63 pages • 2 hours read
Toni MorrisonA modern alternative to SparkNotes and CliffsNotes, SuperSummary offers high-quality Study Guides with detailed chapter summaries and analysis of major themes, characters, and more. For select classroom titles, we also provide Teaching Guides with discussion and quiz questions to prompt student engagement.

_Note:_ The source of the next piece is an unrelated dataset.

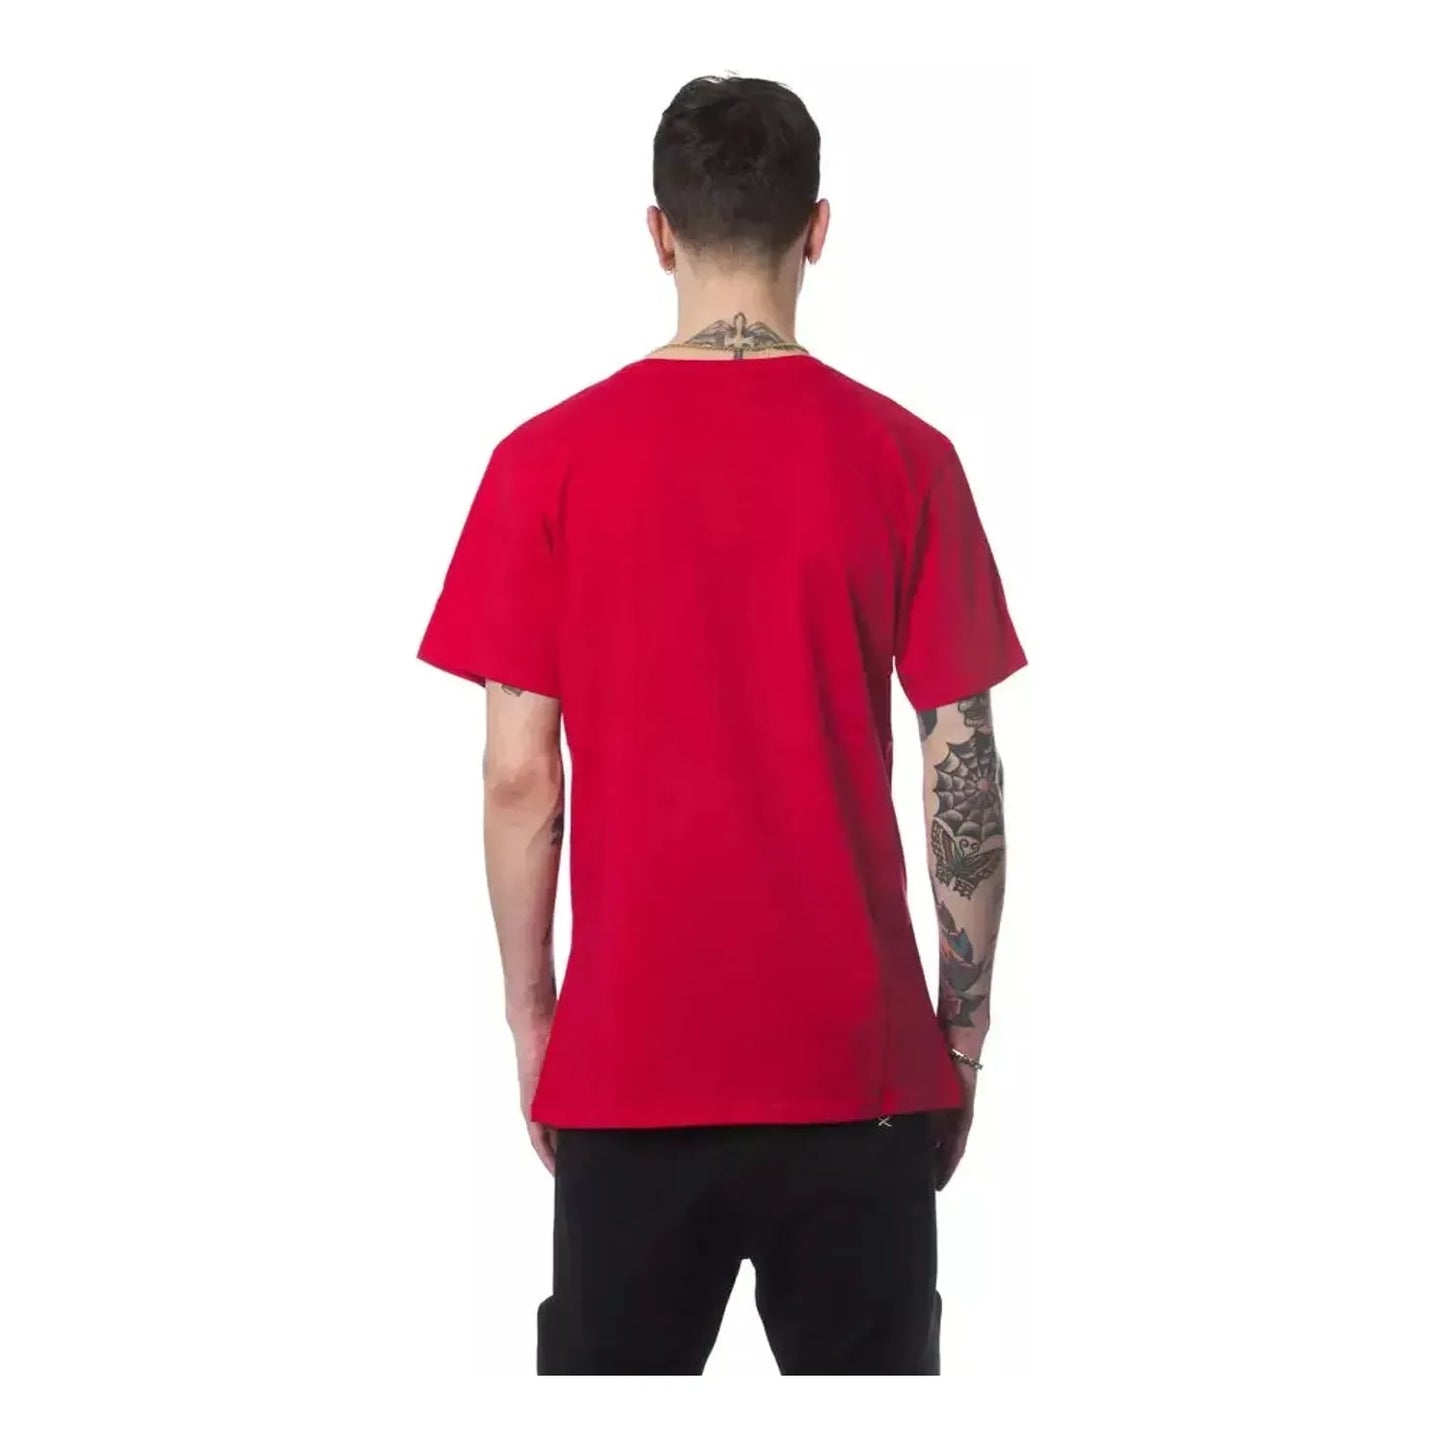 Nicolo Tonetto Elegant Red Round Neck Cotton Tee rosso-red-t-shirt
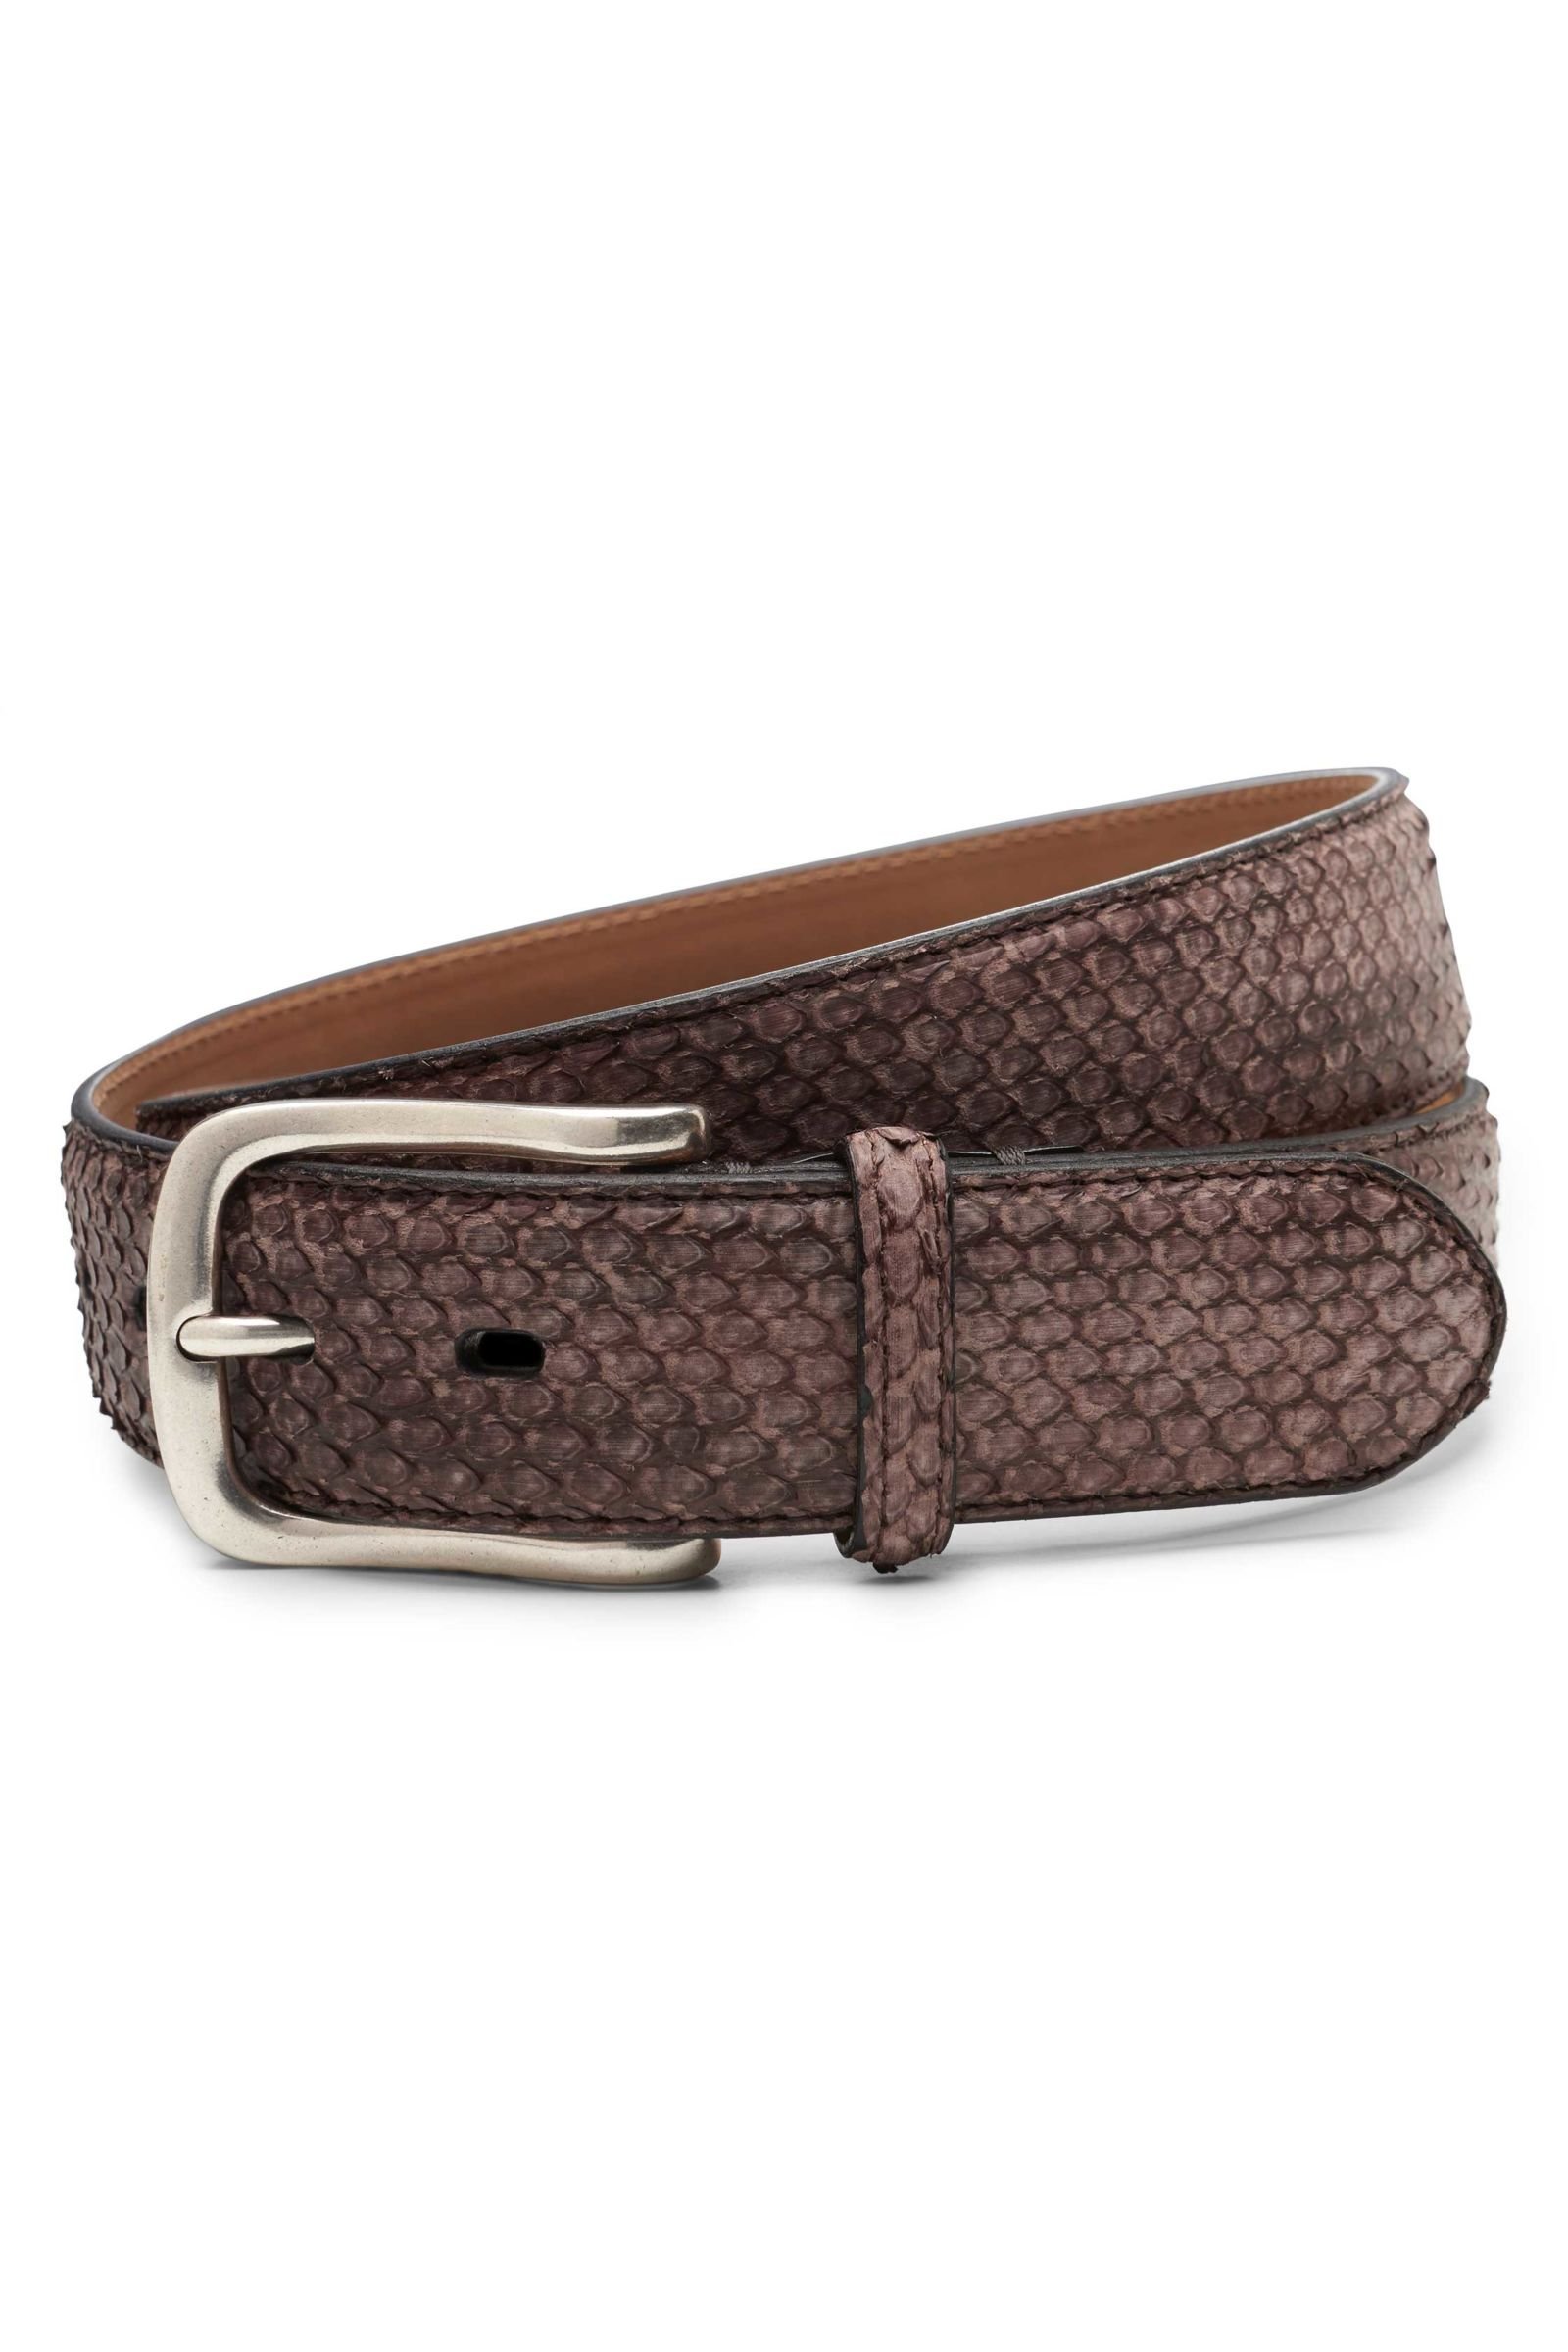 Python leather belt grey-brown

Joe Trace likes peppermint candy, preferring it to any other type. The narrator pokes fun at him for offering peppermint candy to children who would prefer chocolate or something better. Peppermints are considered a candy that older people enjoy, but Joe sees them as a symbol of his youth. The first time he sees Dorcas, he is at the candy shop, buying peppermints. In the novel, peppermint candy represents youthfulness and Joe’s desire to hold onto it. Both Joe and the narrator associate Dorcas’s skin with peppermints. Although she has acne, she continues to eat candy, a habit Joe encourages. This association emphasizes her young age and perceived innocence. The narrator uses this information to support the idea that Joe’s love for Dorcas is founded on his desire to recapture his own youth.
In the novel, Morrison adheres to the association of birds and liberation. In Chapter 1, the narrator describes the rooms of Joe and Violet Trace’s apartment as being like “empty birdcages wrapped in cloth” (11). Violet collects birds and carefully tends to them each day. After the funeral, she returns home and is overwhelmed by them. She releases the birds, including the parrot who repeatedly tells her he loves her. Because Violet feels trapped, she cannot stand keeping animals in cages in her home.
Joe, Violet, and Dorcas are imprisoned by their trauma, allowing it to inform their relationships and choices. In turn, they try to trap others and possess them. Violet attempts to hold on to Dorcas after she dies, conflating the young woman with children she lost in pregnancy. Joe tries to possess both Dorcas and his mother by killing them. Dorcas gives Acton gifts and changes her appearance and behavior to please him, hoping it will cause him to want to stay with her.
Wild and the red-winged blackbirds contrast Violet’s domesticated birds and the mental imprisonment of the characters. Like Wild, the blackbirds live freely in nature, uninhibited. Joe and Violet learn that they must liberate themselves and one another to fully engage in authentic love. This lesson is further expressed when Violet buys a new bird at the end of the novel. The bird is sick, and Violet tries everything to help it get well again. When she has the idea to take the bird to the roof to listen to music and enjoy fresh air, Joe helps her. The bird begins to get better. Similarly, Joe and Violet begin to heal from their trauma when they stop trying to hold on so tightly to the people they love. Joe turns to his wife in bed and sees her shoulders transform into the wings of a red-winged blackbird, indicating her newfound freedom.
The city plays a key role in the lives of the characters in Morrison’s novel and, in many ways, functions as a character, influencing the character’s decisions and feelings. Morrison explores many aspects of Harlem and New York City in the 1920s, including the music, violence, and culture of the period. At times, the unnamed and ungendered narrator seems to speak as the voice of the city itself, describing the comings and goings of the characters with omniscient affection. The initial first-person reference by the narrator comes with a description of the city, and the narrator continues to describe the streets of Harlem throughout the text. The characters’ lives are intertwined with the seasonal shifts in music and air, and the narrator associates the mood of the seasons with the changes in the lives of the characters.
When Joe and Violet left Virginia for New York City, they were alive with excitement. Their migration was one story among many. The narrator suggests that the couple’s love for the city outweighs their love for one another. At the end of the novel, Violet tells Felice that she let the city change her and that she had to rediscover her authentic self. Felice does not understand because she still believes the city is a wonderful place. Dorcas also sees the city as a place of enticement and transformation, captivated by it from the age of nine. However, Violet understands that trauma is carried. Changing one’s location does not change the reality of one’s past. The city symbolizes a hollow promise of possibility.